Mondschein J S, Hammond J M, Weisz J
J Steroid Biochem. 1987 Jan;26(1):121-4. doi: 10.1016/0022-4731(87)90039-2.
The conversion of [3H]estradiol to 2-hydroxyestradiol (2-OH-E2) by homogenates of porcine ovarian follicles was assayed in vitro in the presence and absence of 10 and 100 microM concentrations of the following potential substrates or inhibitors of estrogen-2/4-hydroxylase (E-2/4-H): (1) estrogens; estrone (E1), estriol (E3) and 17 alpha-estradiol (17 alpha-E2), (2) catecholestrogens; 2-hydroxyestradiol (2-OH-E2), 4-hydroxyestradiol (4-OH-E2) and 2-hydroxyestrone (2-OH-E1); (3) 2-methoxyestradiol (2-MeO-E2); (4) halogenated estrogens; 2-bromoestradiol, (2-Bromo-E2) 4-bromoestradiol and 2,4-dibromoestradiol; (5) androgens; testosterone (T), dihydrotestosterone (DHT) and androstenedione; (6) progesterone; (7) epinephrine; (8) inhibitors of steroid aromatase; aminoglutethimide and 4-hydroxyandrostenedione and (9) SKF 525A, an inhibitor of cytochrome P-450. Progesterone and 2-Bromo-E2 were the two most effective inhibitors (2-OH-E2 formation = 4 and 5% of control at 100 microM and 29.6 and 17.4% at 10 microM of progesterone and 2-Bromo-E2, respectively). 2-MeO-E2 at 100 microM was nearly as effective as progesterone in inhibiting E-2/4-H activity but only caused about 50% inhibition at 10 microM. The three catecholestrogens reduced 2-OH-E2 formation to about the same degree (21-23% of control at 100 microM). The 2,4-dibromo-E2 was equipotent with the catecholestrogens while 4-bromo-E2 was about half as effective. The phenolic estrogens, potential substrates for the enzyme, reduced 2-OH-E2 formation to different degrees, with E3 being the most effective. Among the androgens, DHT was almost as effective an inhibitor as the catecholestrogens, T was about half as effective while androstenedione had no effect. Epinephrine and the two inhibitors of aromatase did not inhibit E-2/4-H activity. SKF 525A inhibited E-2/4-H activity but with a potency only about 1/10th that reported for liver.
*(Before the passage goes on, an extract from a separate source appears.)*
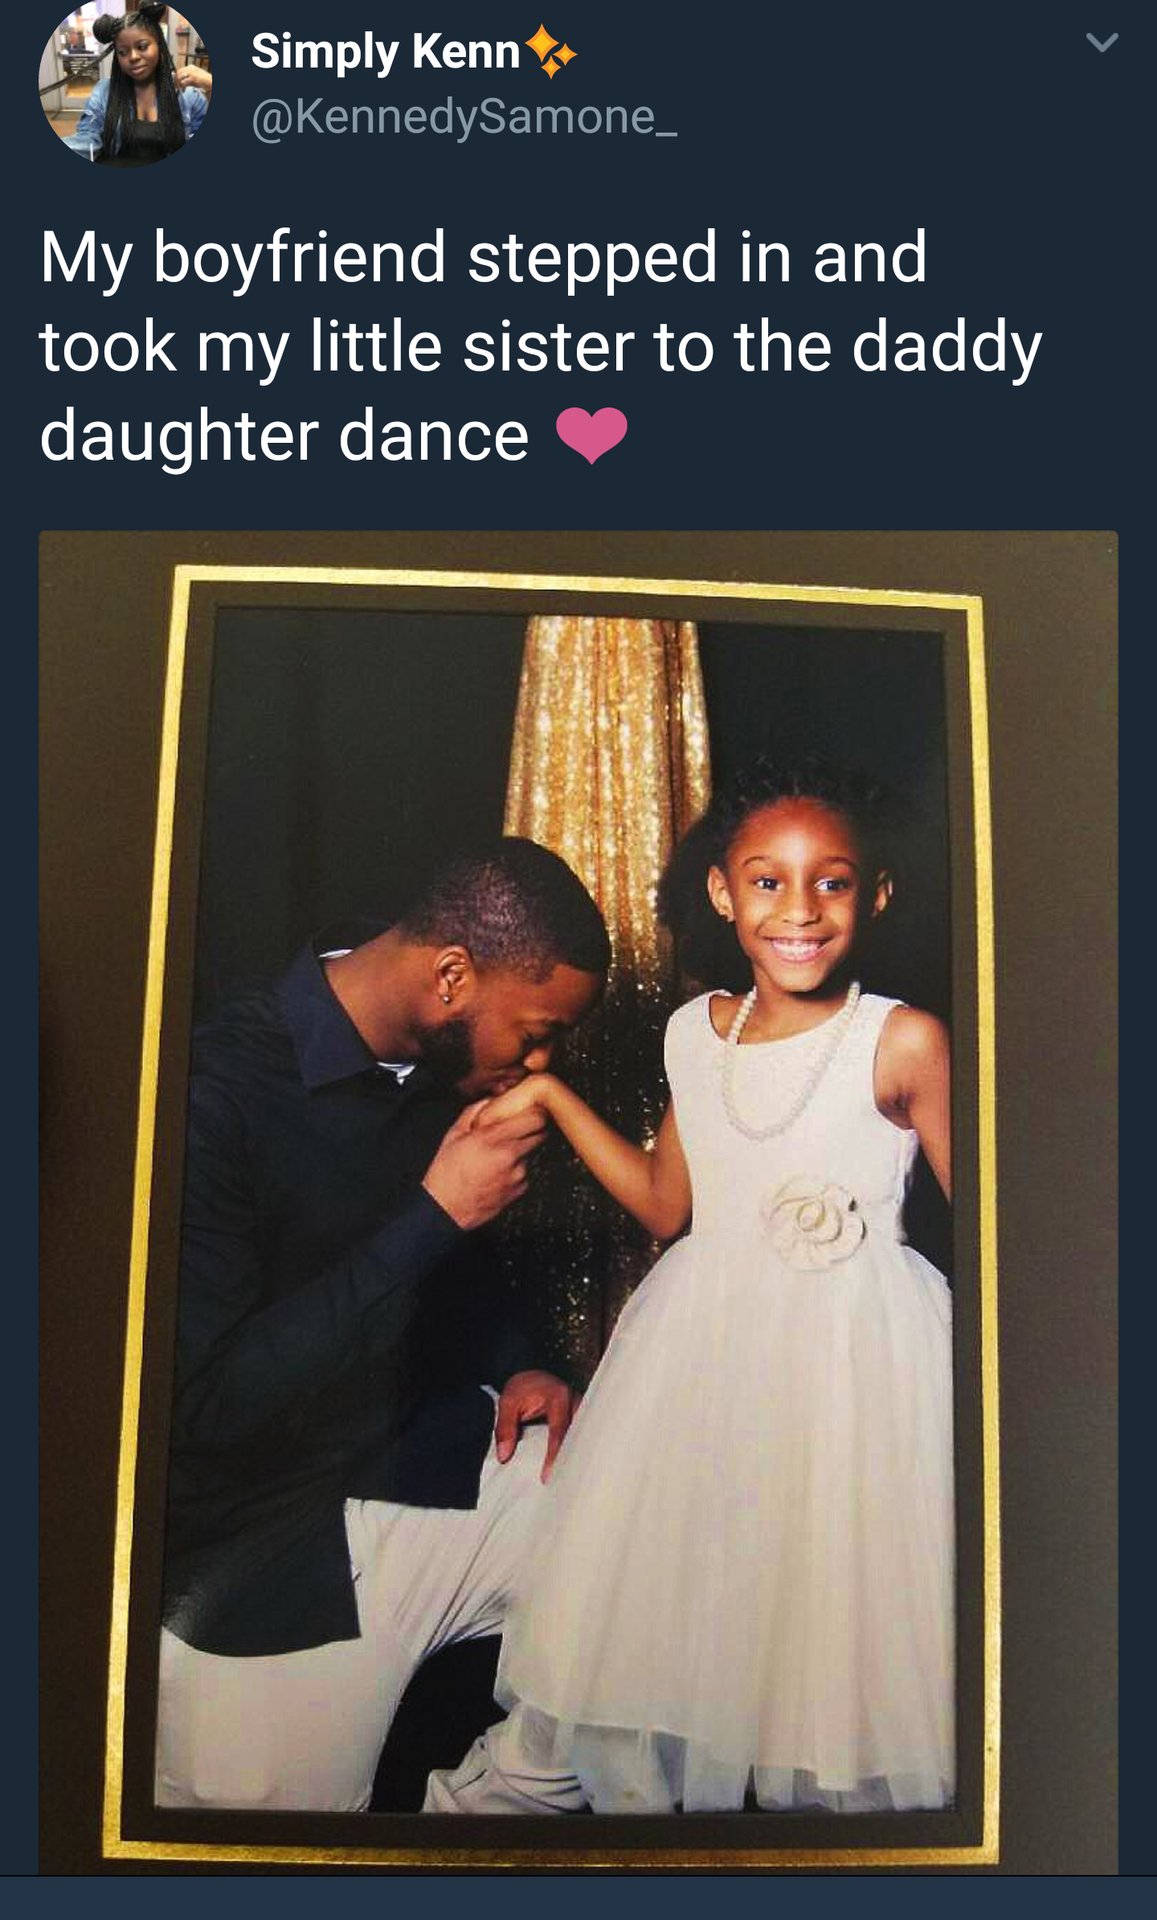 boyfriend and little sister memes - Simply Kenn My boyfriend stepped in and took my little sister to the daddy daughter dance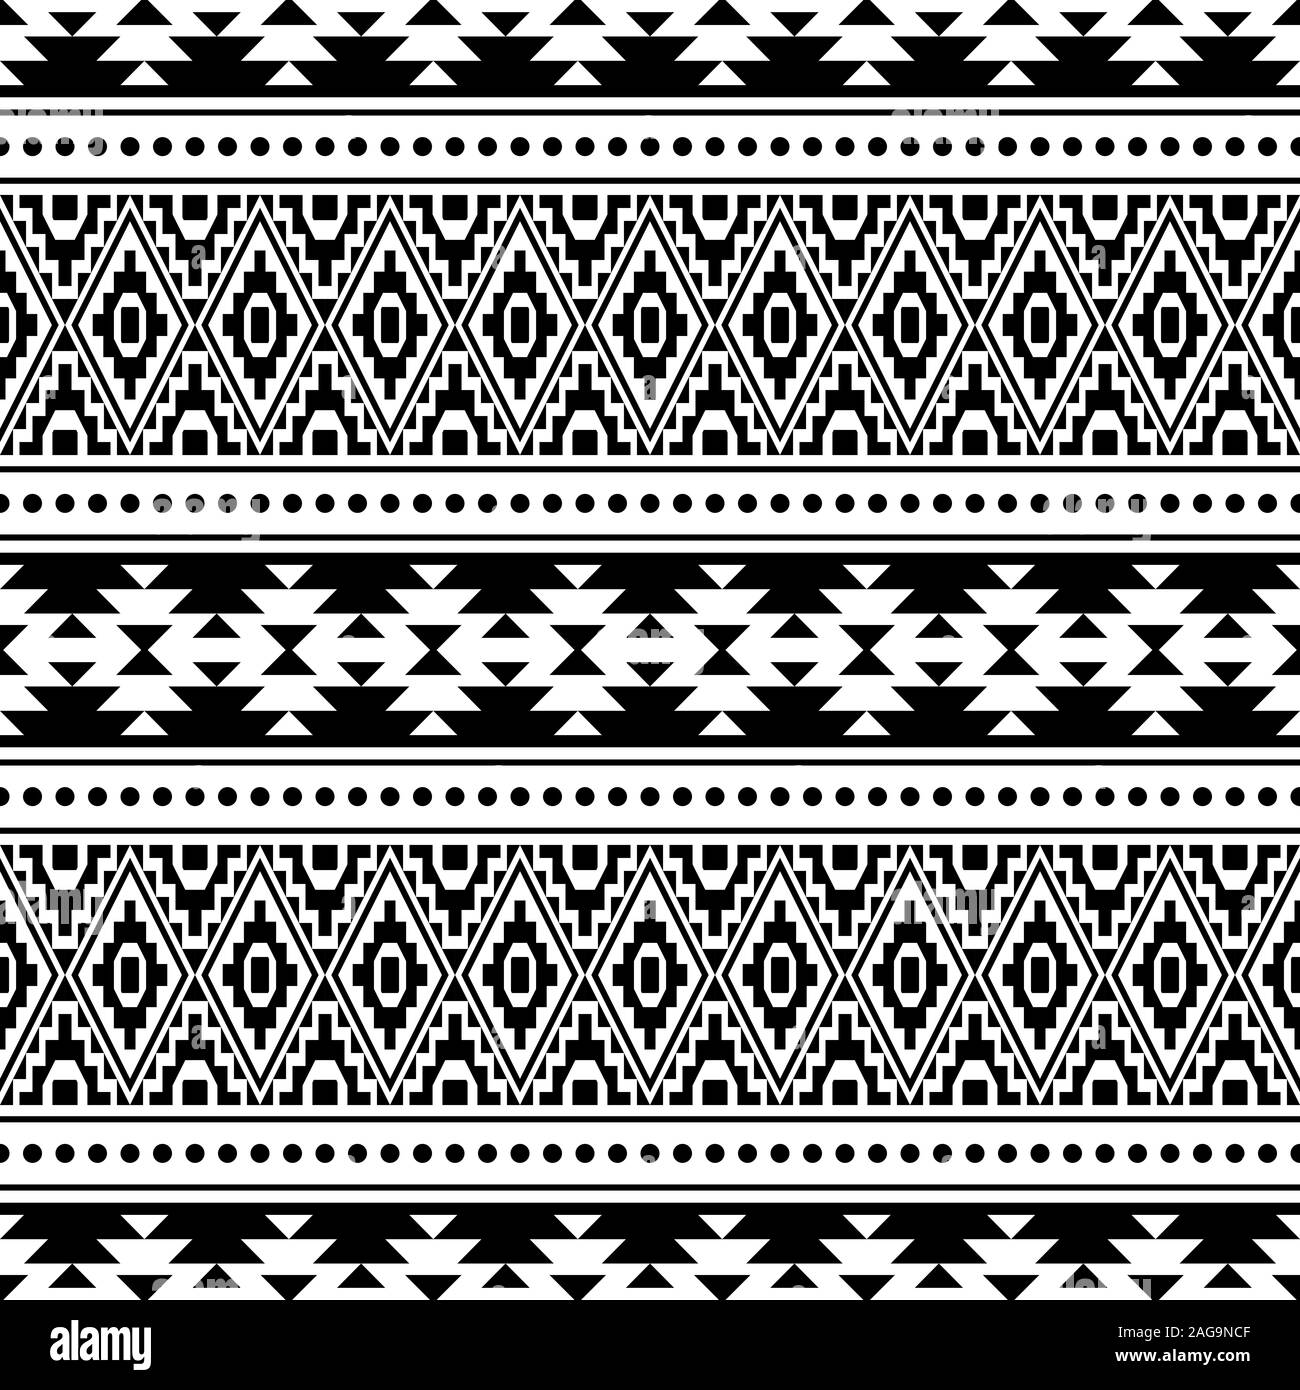 Geometric Persian Ethnic Pattern Illustration design with black and ...

在存在和不存在10和100微摩尔浓度的以下雌激素-2/4-羟化酶(E-2/4-H)的潜在底物或抑制剂的情况下,体外测定猪卵巢卵泡匀浆将[3H]雌二醇转化为2-羟雌二醇(2-OH-E2)的情况:(1)雌激素;雌酮(E1)、雌三醇(E3)和17α-雌二醇(17α-E2);(2)儿茶酚雌激素;2-羟雌二醇(2-OH-E2)、4-羟雌二醇(4-OH-E2)和2-羟雌酮(2-OH-E1);(3)2-甲氧基雌二醇(2-MeO-E2);(4)卤代雌激素;2-溴雌二醇(2-Bromo-E2)、4-溴雌二醇和2,4-二溴雌二醇;(5)雄激素;睾酮(T)、二氢睾酮(DHT)和雄烯二酮;(6)孕酮;(7)肾上腺素;(8)类固醇芳香化酶抑制剂;氨鲁米特和4-羟基雄烯二酮;(9)细胞色素P-450抑制剂SKF 525A。孕酮和2-溴雌二醇是两种最有效的抑制剂(在100微摩尔时,2-OH-E2形成分别为对照的4%和5%;在10微摩尔时,孕酮和2-溴雌二醇分别为29.6%和17.4%)。100微摩尔的2-甲氧基雌二醇在抑制E-2/4-H活性方面几乎与孕酮一样有效,但在10微摩尔时仅引起约50%的抑制。三种儿茶酚雌激素将2-OH-E2形成降低到大致相同的程度(在100微摩尔时为对照的21%-23%)。2,4-二溴雌二醇与儿茶酚雌激素等效,而4-溴雌二醇的效果约为其一半。酚类雌激素作为该酶的潜在底物,不同程度地降低了2-OH-E2的形成,其中E3最有效。在雄激素中,二氢睾酮作为抑制剂几乎与儿茶酚雌激素一样有效,睾酮约为其一半,而雄烯二酮没有作用。肾上腺素和两种芳香化酶抑制剂不抑制E-2/4-H活性。SKF 525A抑制E-2/4-H活性,但其效力仅约为肝脏报道值的1/10。